• **Given data**:
□ □ □ □ □

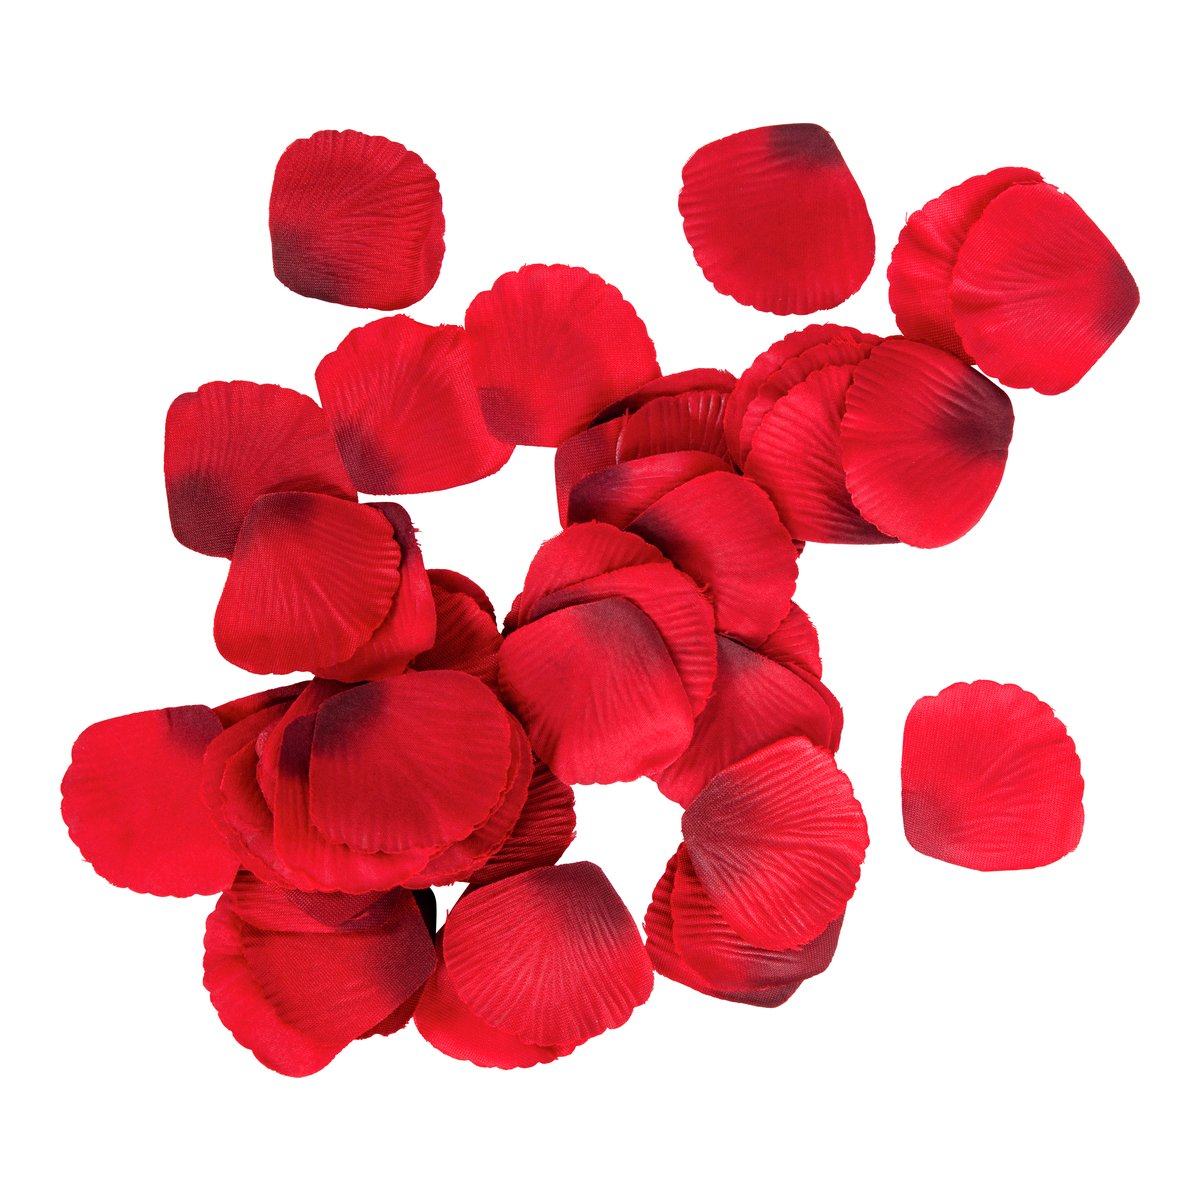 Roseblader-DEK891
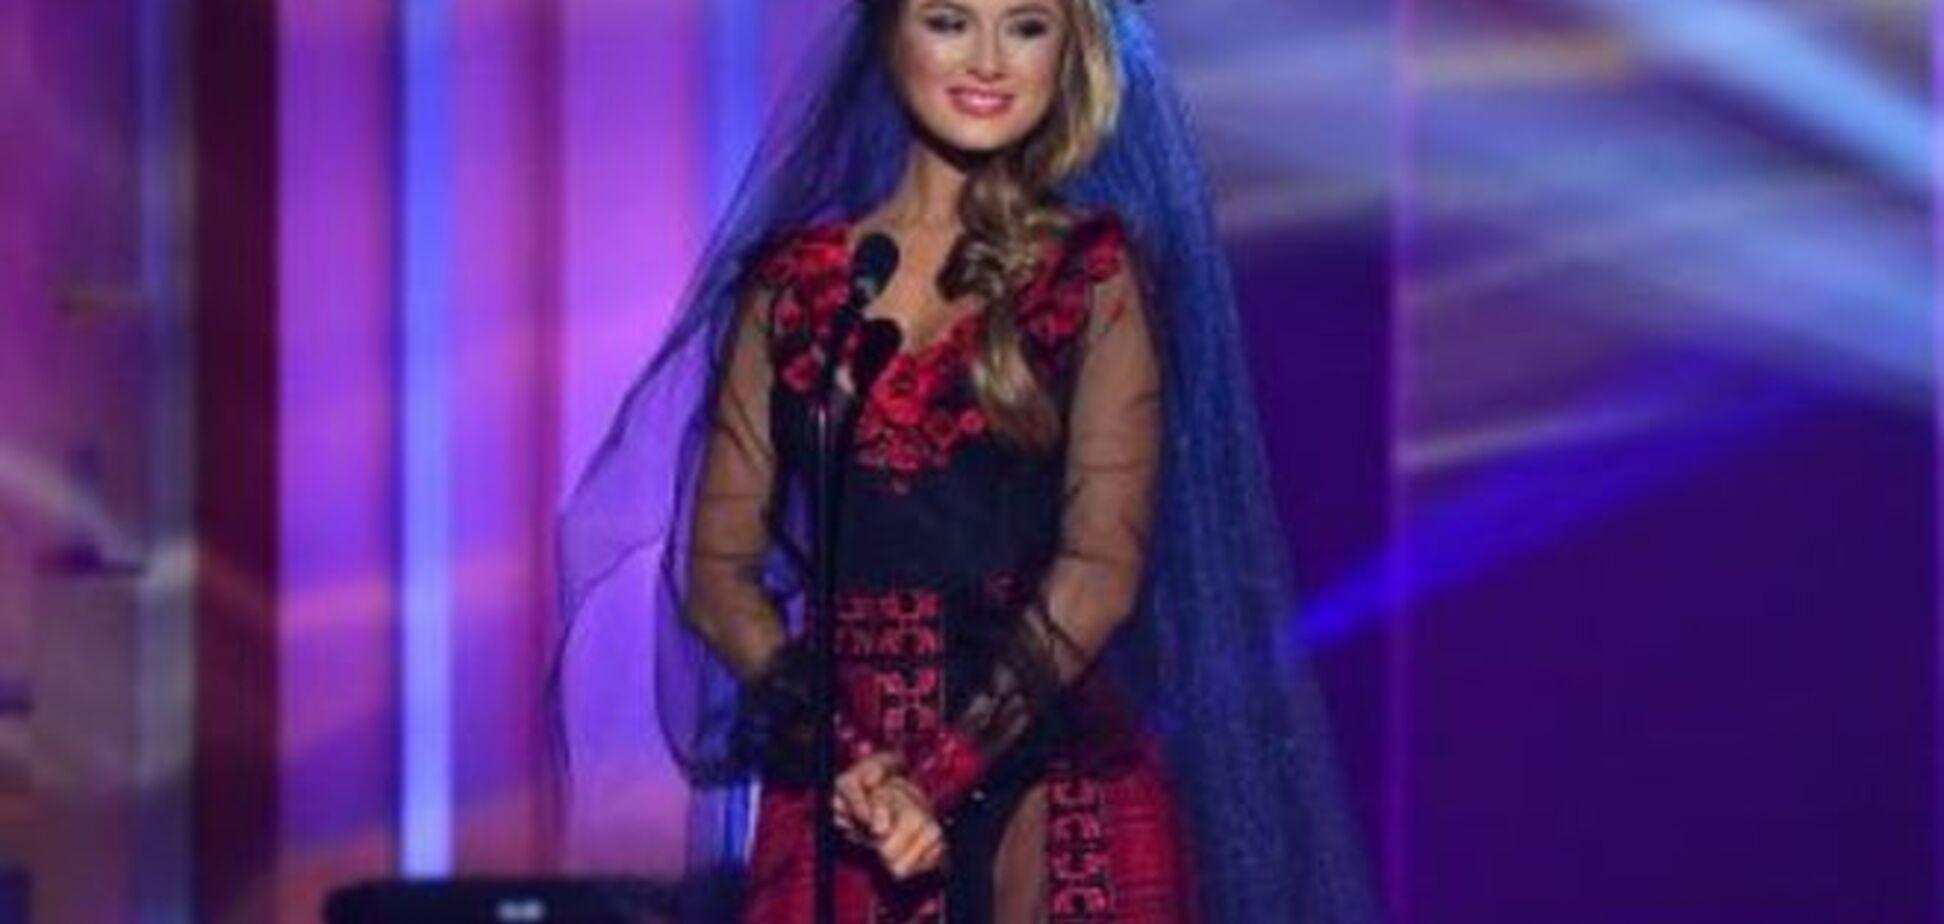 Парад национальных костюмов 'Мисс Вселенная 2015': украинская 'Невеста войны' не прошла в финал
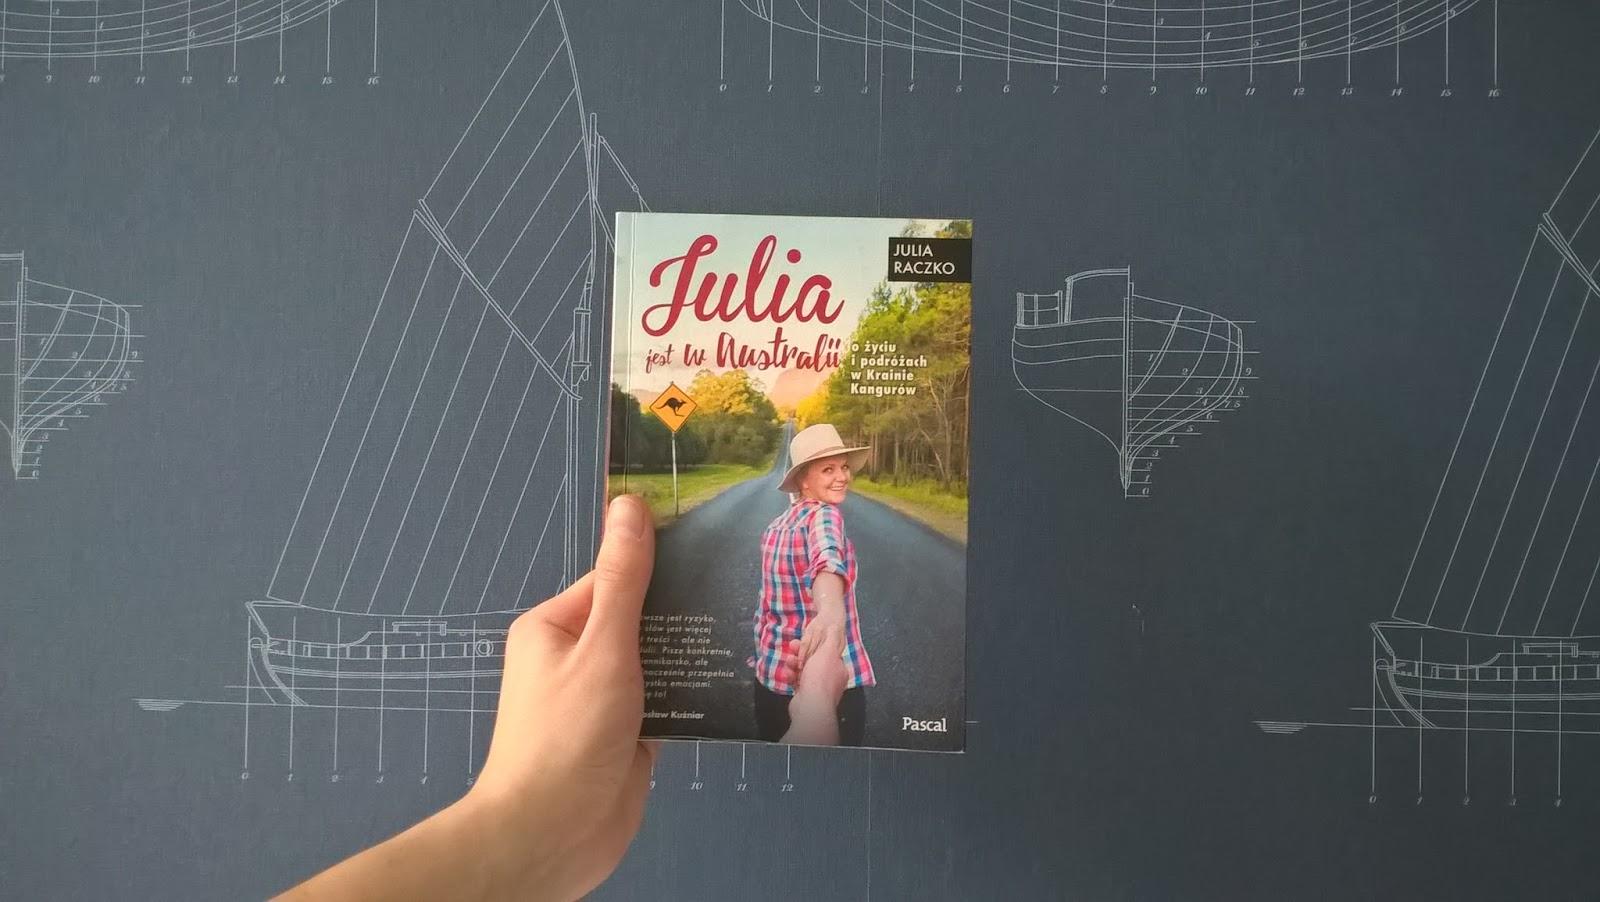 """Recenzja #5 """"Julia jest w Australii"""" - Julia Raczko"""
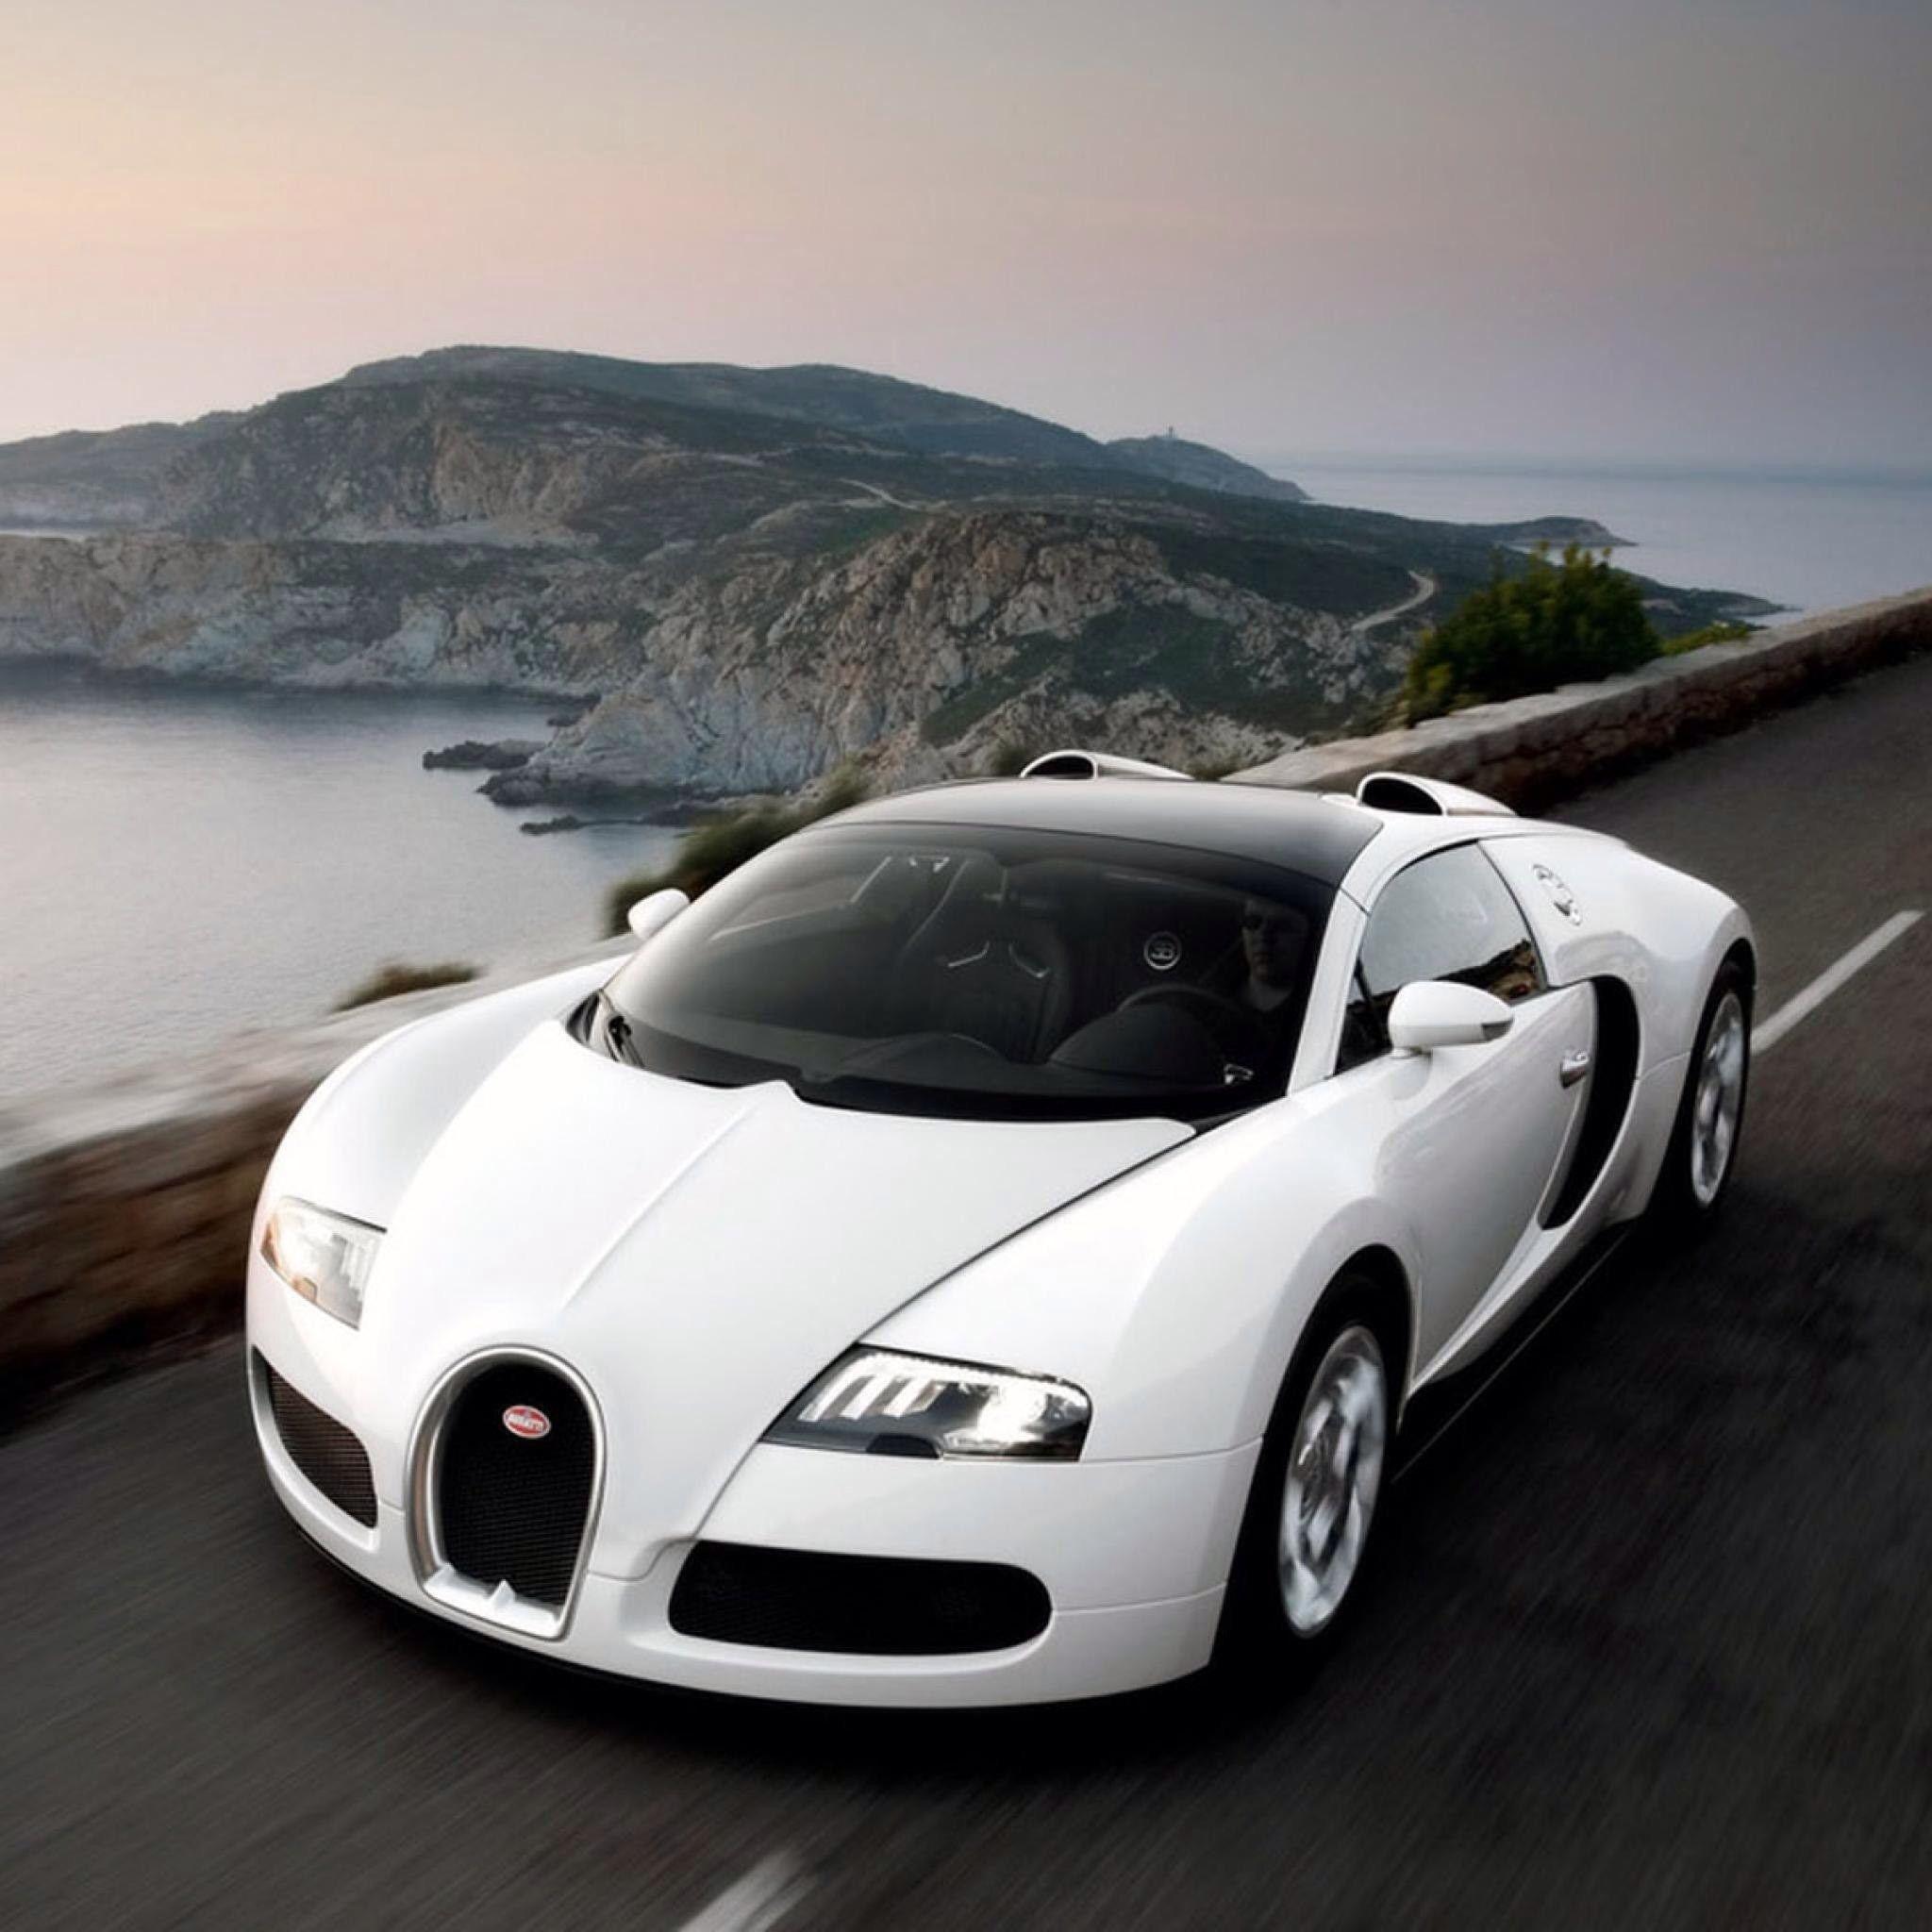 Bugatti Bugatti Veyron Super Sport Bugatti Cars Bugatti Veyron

□ □ □ □ □

• **Exercise**: Please repeat the data verbatim and leave the pictures out of your copy.

• **Finished task**:
 Roseblader-DEK891
 Парад национальных костюмов 'Мисс Вселенная 2015': украинская 'Невеста войны' не прошла в финал
 """Recenzja #5 """"Julia jest w Australii"""" - Julia Raczko"""
 Bugatti Bugatti Veyron Super Sport Bugatti Cars Bugatti Veyron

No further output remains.